After a while, my dad wipes his face and lifts his head. He looks so exhausted, as though he just ran an ultra-marathon on a brutally hot day. No wonder he deteriorated so quickly these past few months. How could he not, fighting that
thing
inside him every second of every day!

“Is that what it feels like then? That horrible, slimy thing wrapped around you all the time?”

He shrugs. “You get used to its presence after a while. It doesn’t speak, not in words, but it pushes perceptions into your mind. False understandings that distort reality, making you believe that what’s true isn’t, and things that aren’t real are, all meant to influence the way you act. Eventually you learn how to fight it, to push it back.” Dad glances back at the bed where Mom is still sleeping. A wisp of a smile touches his mouth, and I know what he’s thinking: Mom always could sleep through anything. He turns back to me. “If it’s any consolation, I don’t think your mother can feel hers at all. Most of the infected can’t.”

I nod. It’s how they were able to sweep through Telluria so easily. Their bodies, incorporeal and beyond our range of sound and vision, simply invaded us one after another and no one even knew they were there. Except the psychics. It was the Tellurian Psychics, TelPsy, that finally discovered what was going on. They’re the ones who formed the resistance; they’re the ones that started teaching the rest of us to fight.

My knees wobble a little as I get to my feet, and I reach for the table to steady myself. My hand knocks into the lamp, and it falls before I can catch it, shattering on the floor with a loud crash. The figure in the bed stirs and sits up.

“Arron?” my mom says, squinting a little as she rubs sleep from her eyes. “What’s going on?” A smile lights up her face as she glances over and sees me. She climbs out of bed, stretching as she comes near. She gives her husband a playful slap on the shoulder. “Arron! Why didn’t you tell me our daughter had come to visit?”

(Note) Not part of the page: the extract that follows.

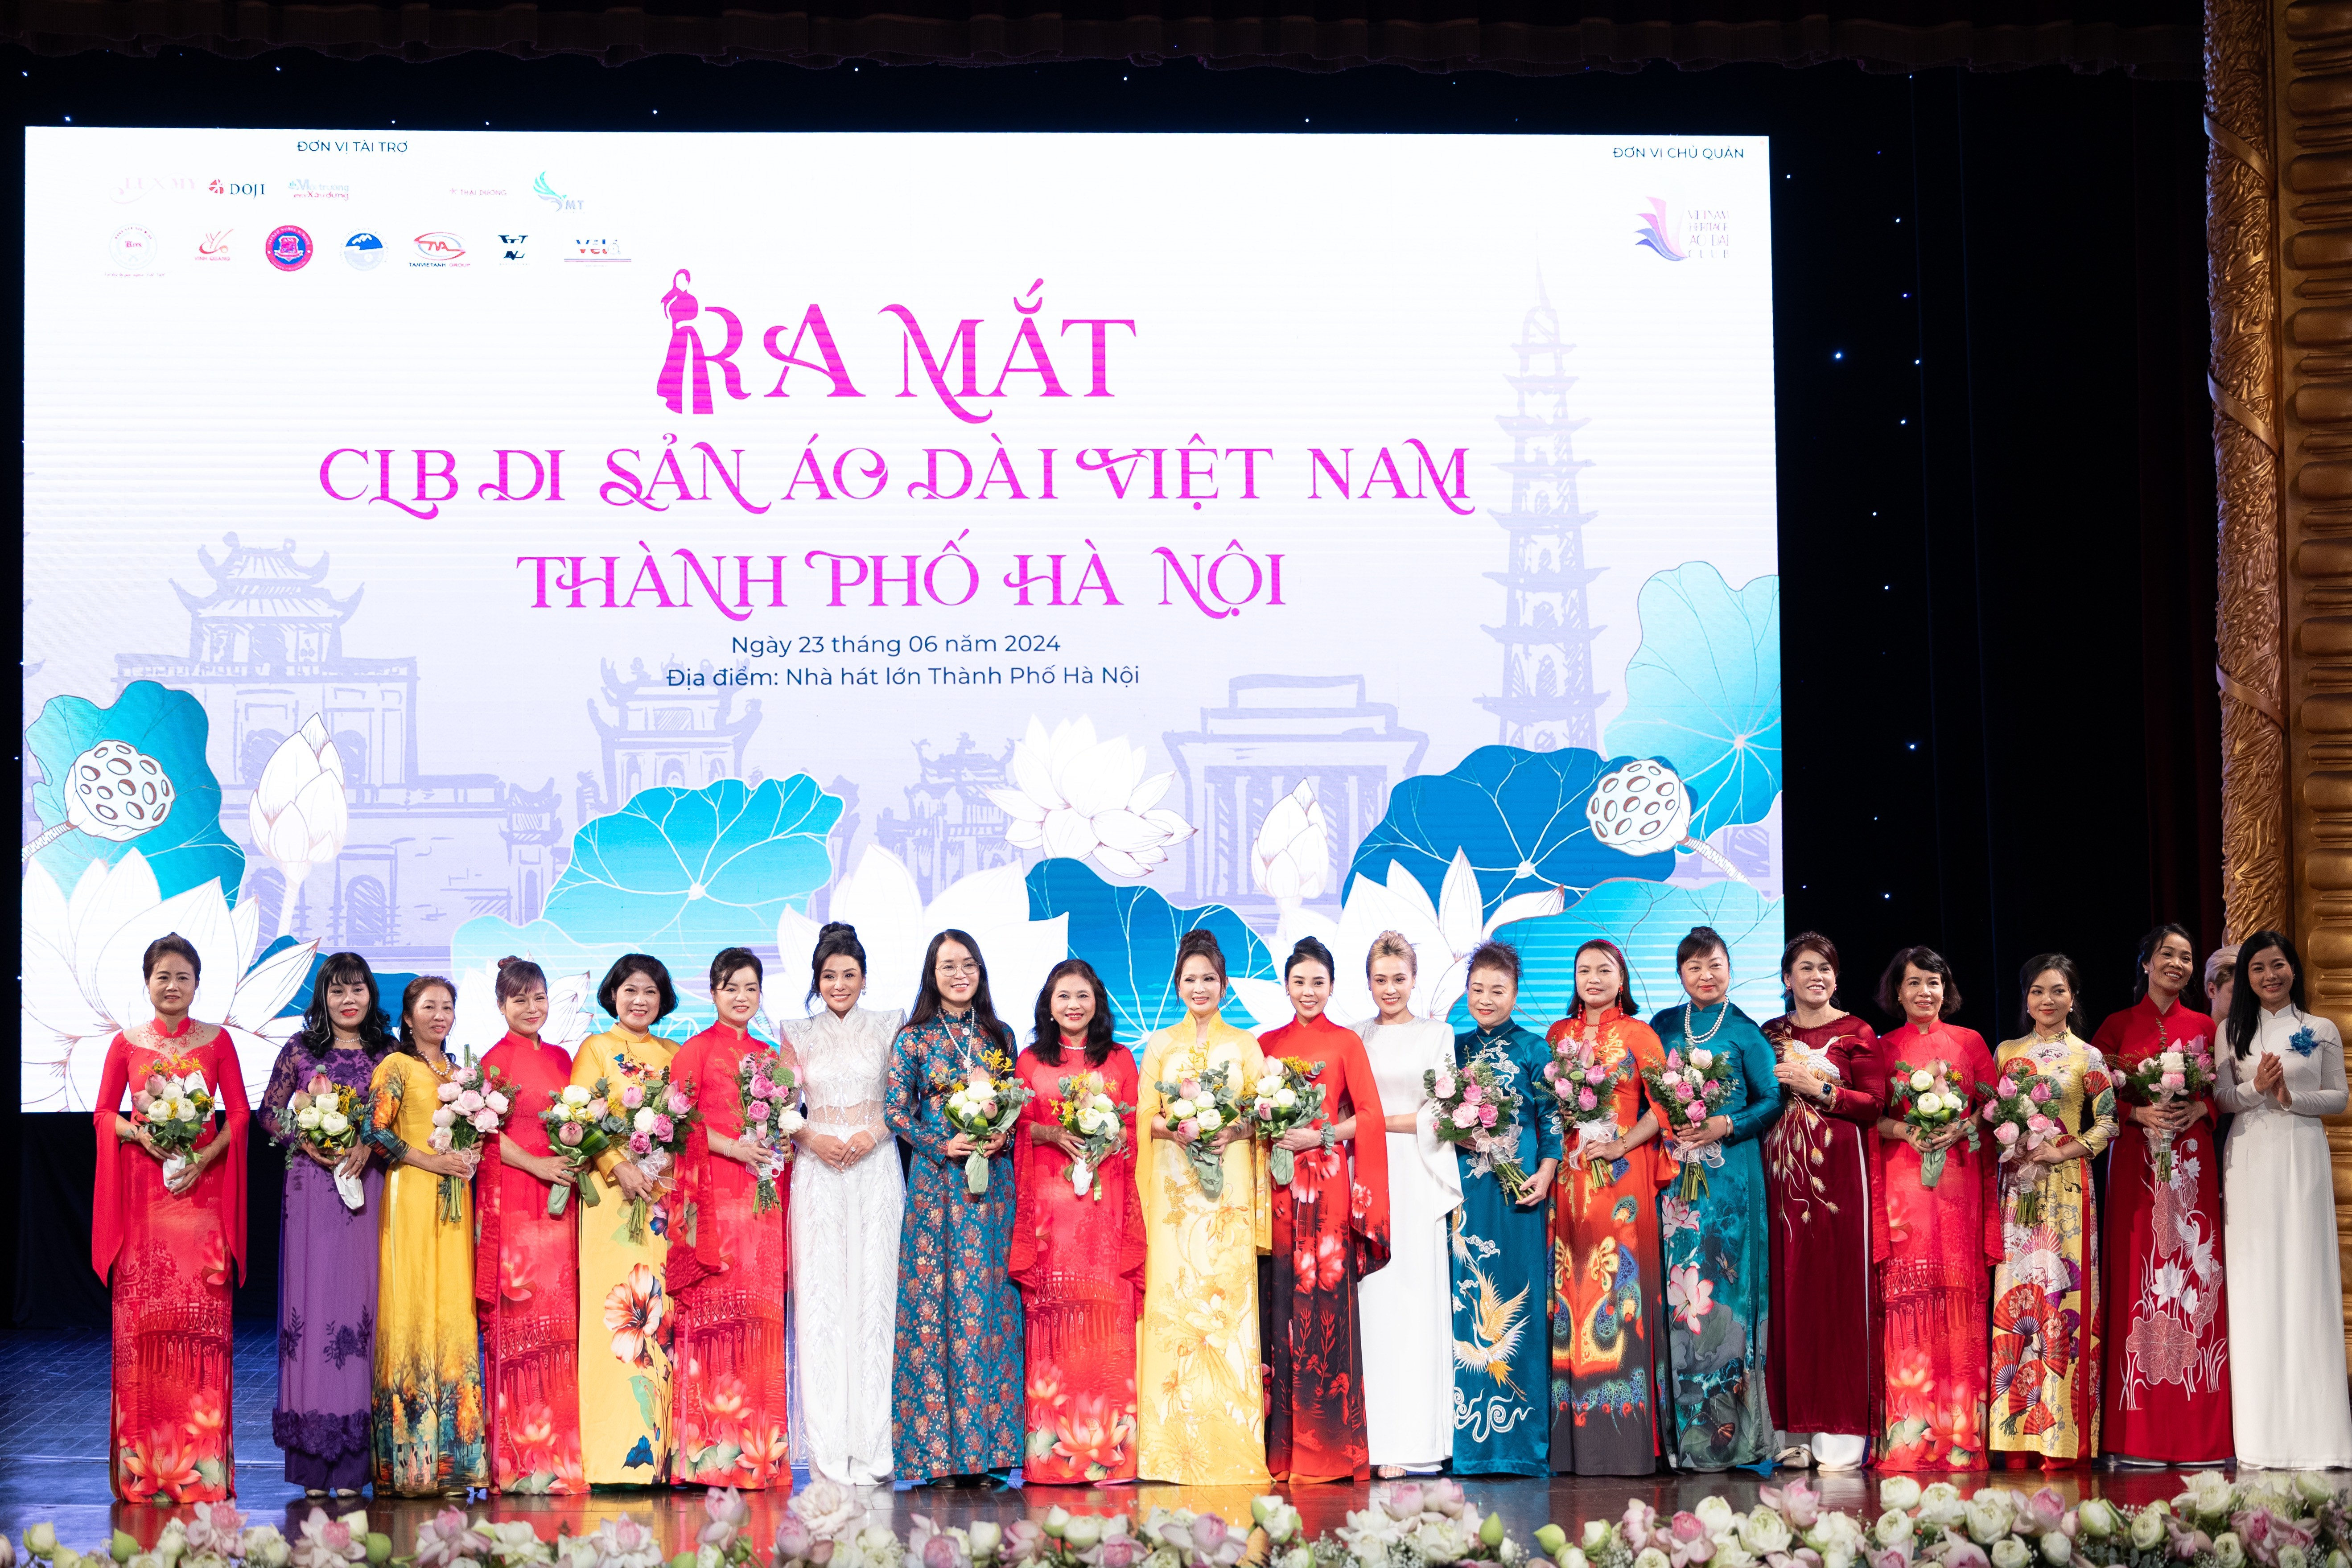 Chính thức ra mắt Câu lạc bộ Di sản Áo dài Việt Nam thành phố Hà Nội

Dad looks down. “We were just having a little father-daughter talk before you got up.”

“A talk? Judging from the casualties, it must have been some conversation,” she says, spying the broken lamp. She peers at me more closely, no doubt seeing the tear tracks on my cheeks, and her face creases with concern. She looks at Dad again, and her expression suddenly clears. “He wasn’t telling you that story about aliens from New Earth taking over the galaxy, was he?” She laughs. “Your dad was just pulling your leg, silly. You know that, right? Everything’s fine, I promise. Come here, sweetheart.” She opens her arms to me.